The two meet-the-candidate forums centered heavily on the economic impacts to Vail. There was also considerable focus on changing and improving the process of government. Hence, I am highlighting certain statements made by the candidates and my suggestions as to making it happen.

“More time on policy, etc., less on minute details.” How to find time-inclination for:

n Staff to improve their “completed staff work”: visual aids, comprehensive pro-con assessments, etc., so council members do not have to micromanage.



n Preparation by council members. The council meeting should probably be the tip of the iceberg of the time spent on town issues. This is a tough challenge, but is part of the job. Note: Time commitments were not really addressed by council candidates.

n More time away from formality of the “horseshoe”; e.g., quarterly “annual” retreats.



“Better interaction with the public, including work sessions.” How to find time-inclination for:

n Council members should view public input as more important but establish speaking time limits and assist potential speakers with handouts, visual aids, etc.

n Improved agenda sequencing.



n Less imposing setup for the public to speak, perhaps being seated at a table.

n Town hall- or coffeehouse-type gatherings.

n Better public awareness of what input the council is receiving. Perhaps summarizing e-mails.

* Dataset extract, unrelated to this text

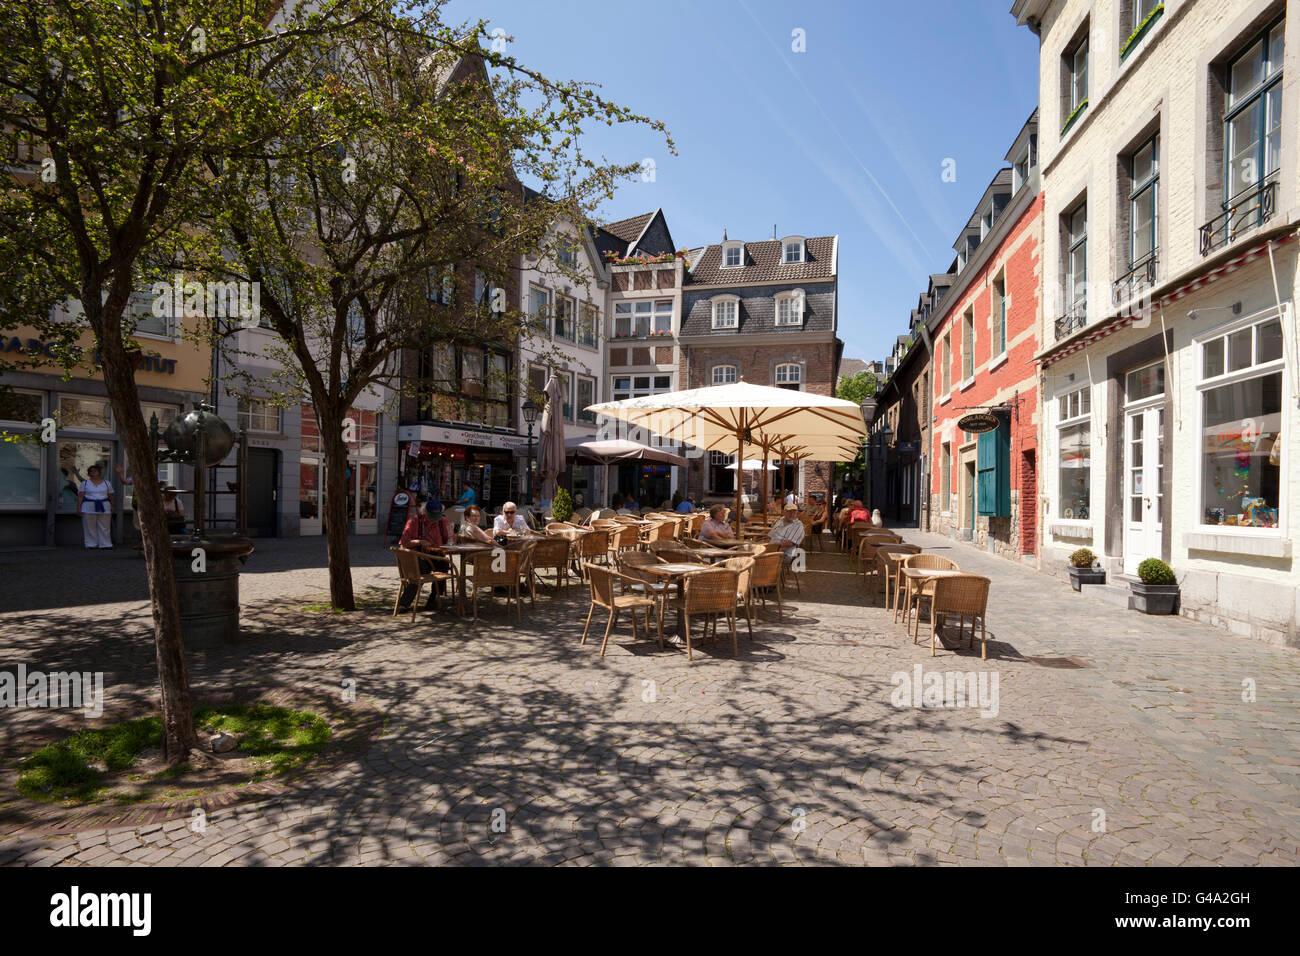 shops and outdoor cafes stockfotos shops and outdoor cafes bilder seite 6 alamy. Black Bedroom Furniture Sets. Home Design Ideas

“Consider (if necessary) on-going budget cutting, being tougher, etc.” These are all top down perspectives. But there was no mention of bottom-up, “organic” improvement savings from within the black box of staff operations. They are clearly doing a good job. But without a measurement program in place, you don’t have trend data to know how much better things could be. Remember: “If you measure it, it improves.”

“Improve relations with Vail Resorts.” Good, but no real focus on one end result in which guests do not sense, for many aspects, any dividing line between town government and Vail Resorts in terms of service delivery and responsibilities.

In short, guests should see a more seamless Vail, just as the more integrated resorts of No. 1 Whistler-Blackomb and No. 2 Deer Valley are viewed as single entities.

One piece of the solution may be a publicized 24/7 hot-line staffed by people who can contact the appropriate person to take action, whether the town or Vail Resorts. This takes a proactive approach and avoids “that’s not my responsibility” statements that we are all familiar with.

In summary, let’s see some of the electioneering rhetoric put to action, but not without thanking all those who ran and congratulating those elected.